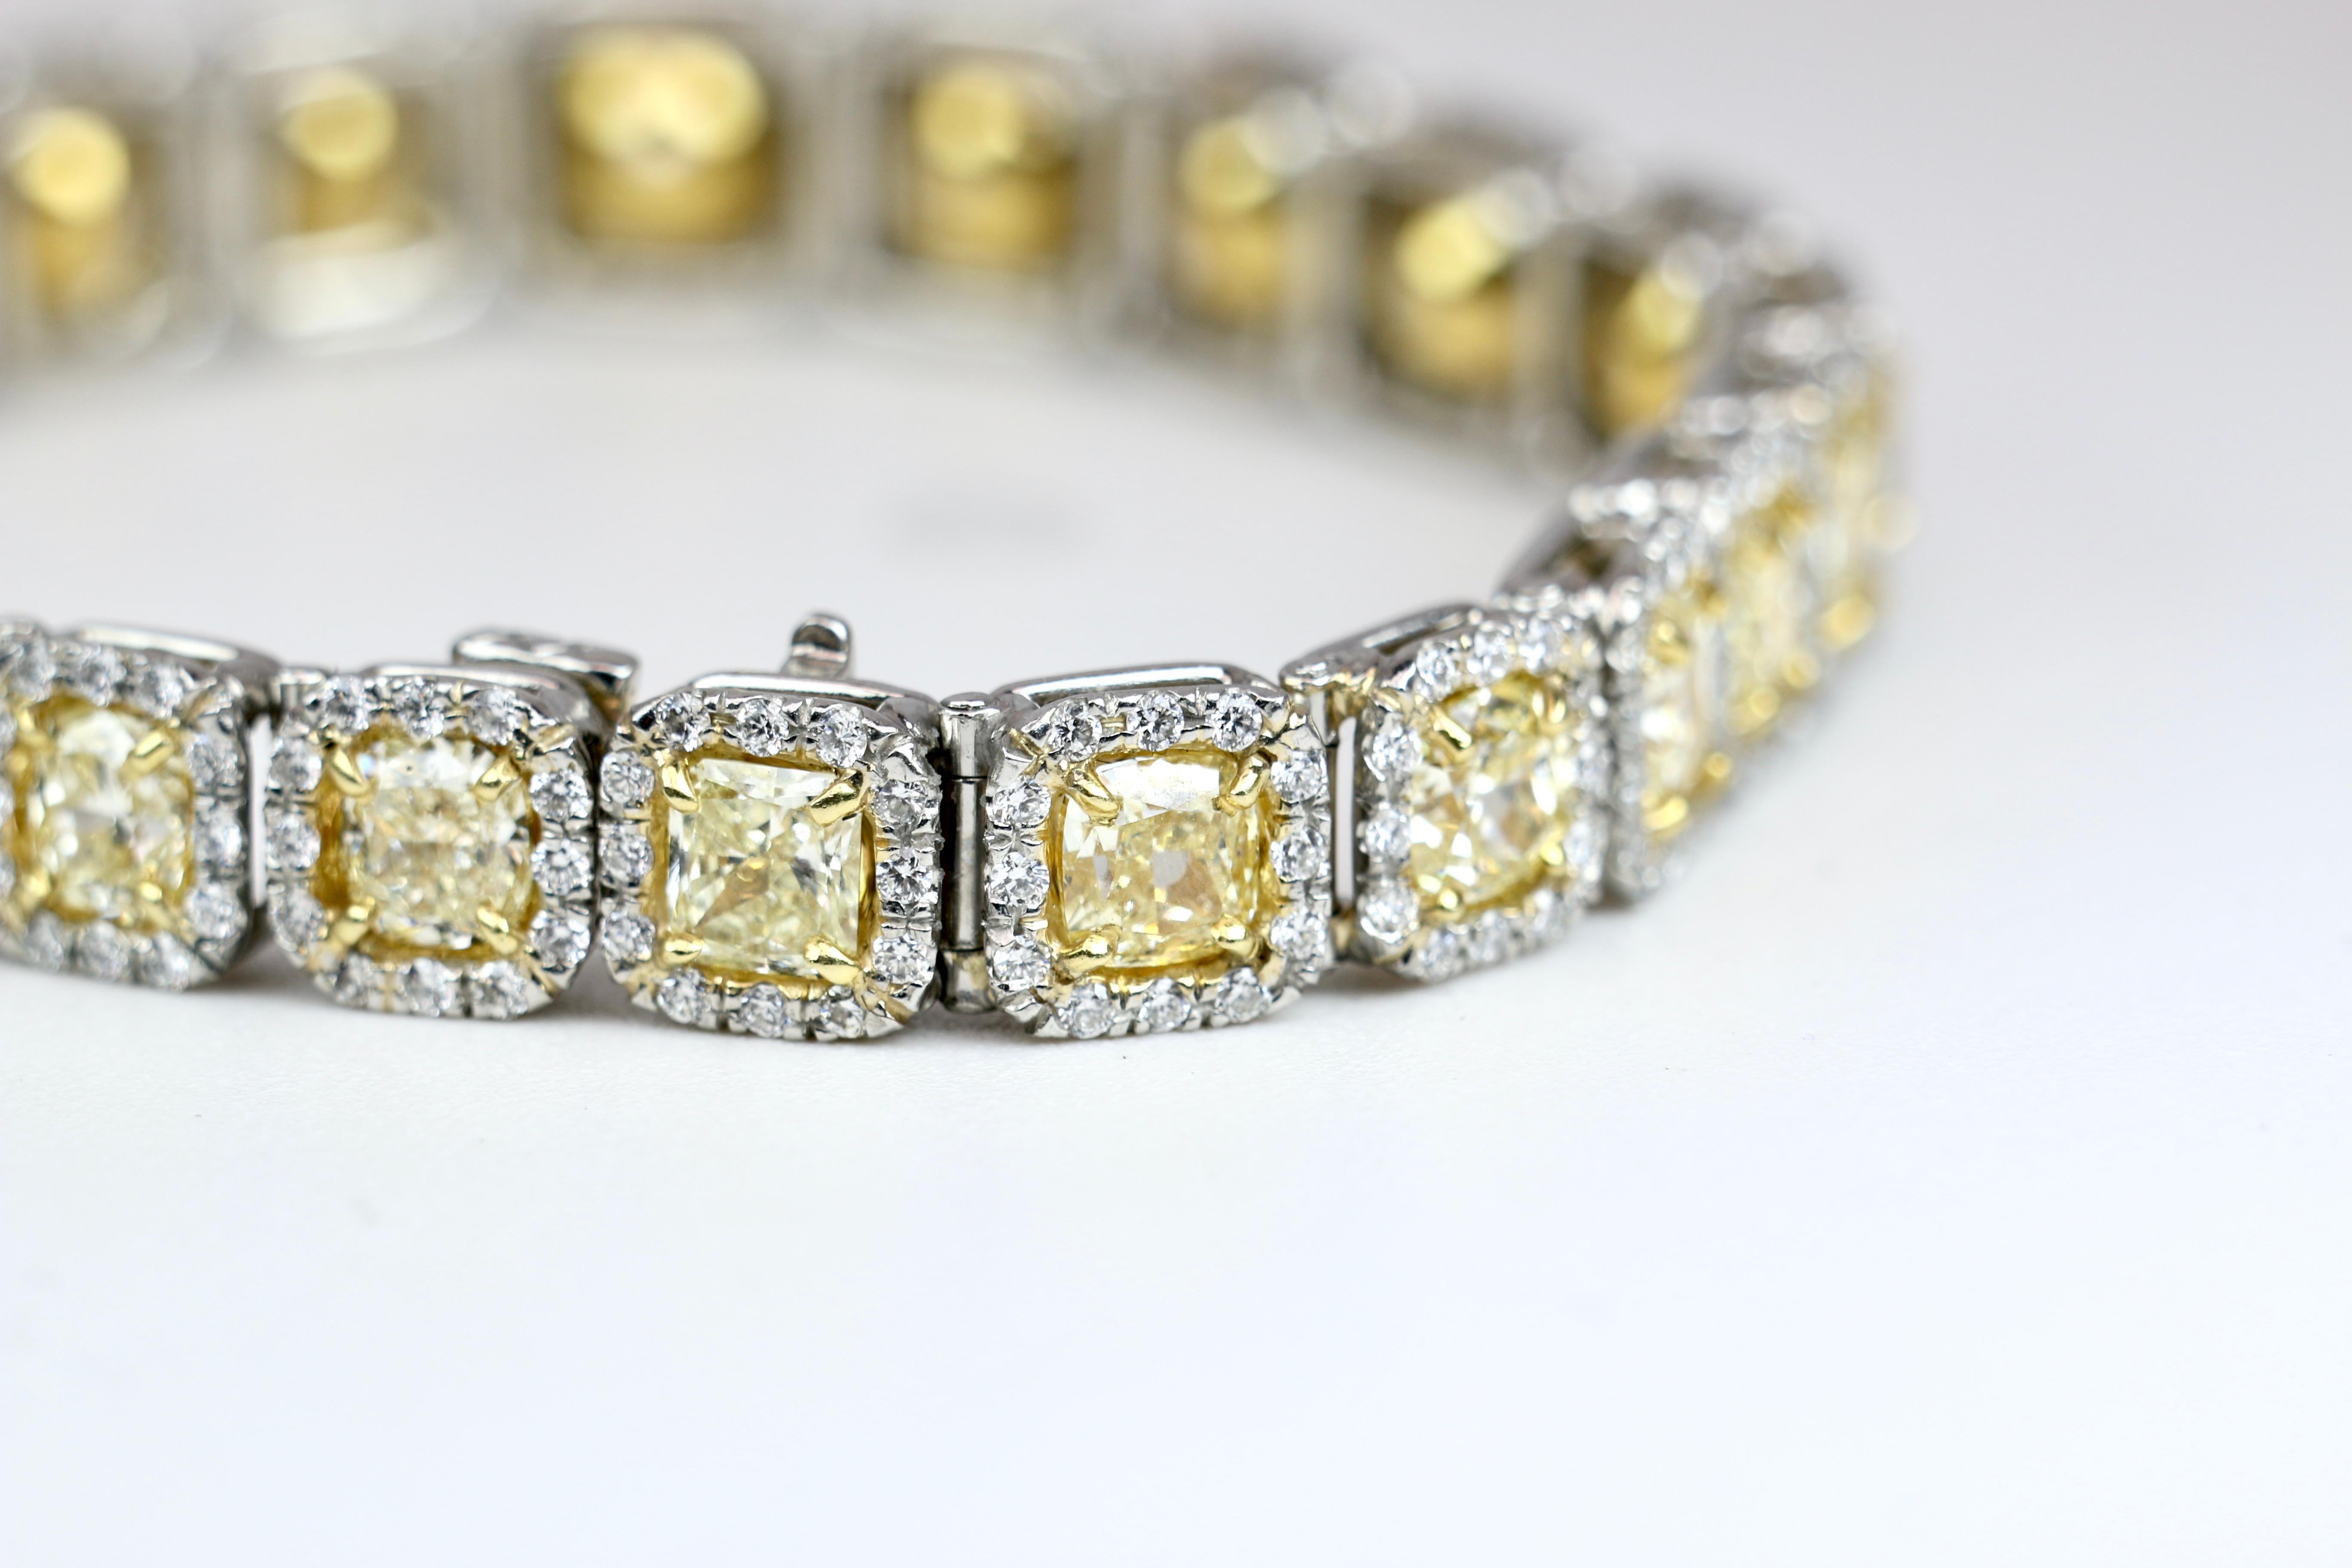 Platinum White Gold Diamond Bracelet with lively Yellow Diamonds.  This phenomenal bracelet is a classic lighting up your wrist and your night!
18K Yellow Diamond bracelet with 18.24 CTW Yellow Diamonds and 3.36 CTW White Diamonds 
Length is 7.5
...
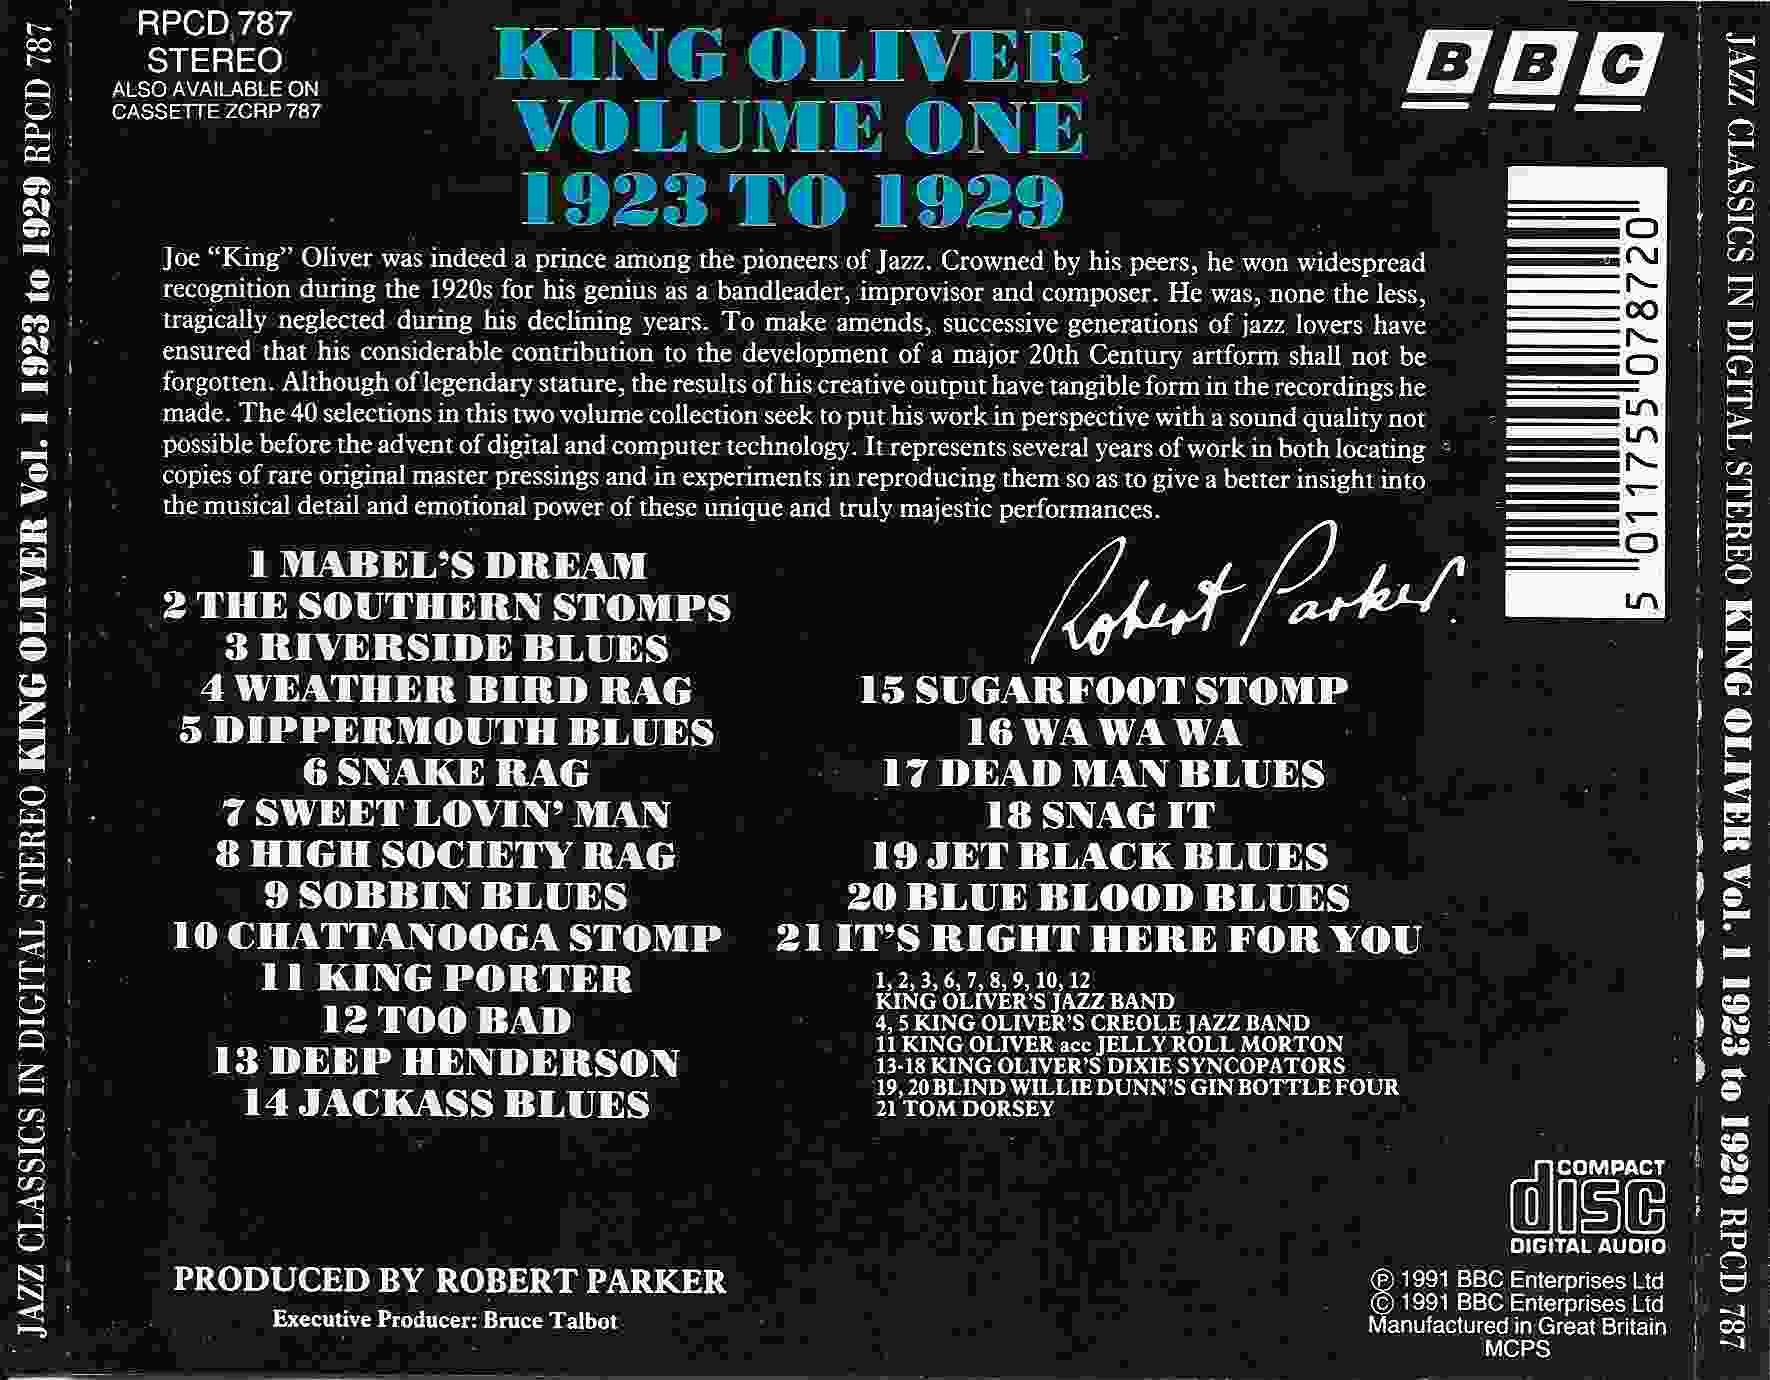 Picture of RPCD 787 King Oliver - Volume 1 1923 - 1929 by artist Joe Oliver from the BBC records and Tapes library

What this task involves:
Print, exactly, each line above from the one with "Platinum White Gold" to the one with "Length is 7.5", end lines included. Leave pictures out of it.

Answer space:
 Platinum White Gold Diamond Bracelet with lively Yellow Diamonds.  This phenomenal bracelet is a classic lighting up your wrist and your night!
18K Yellow Diamond bracelet with 18.24 CTW Yellow Diamonds and 3.36 CTW White Diamonds 
Length is 7.5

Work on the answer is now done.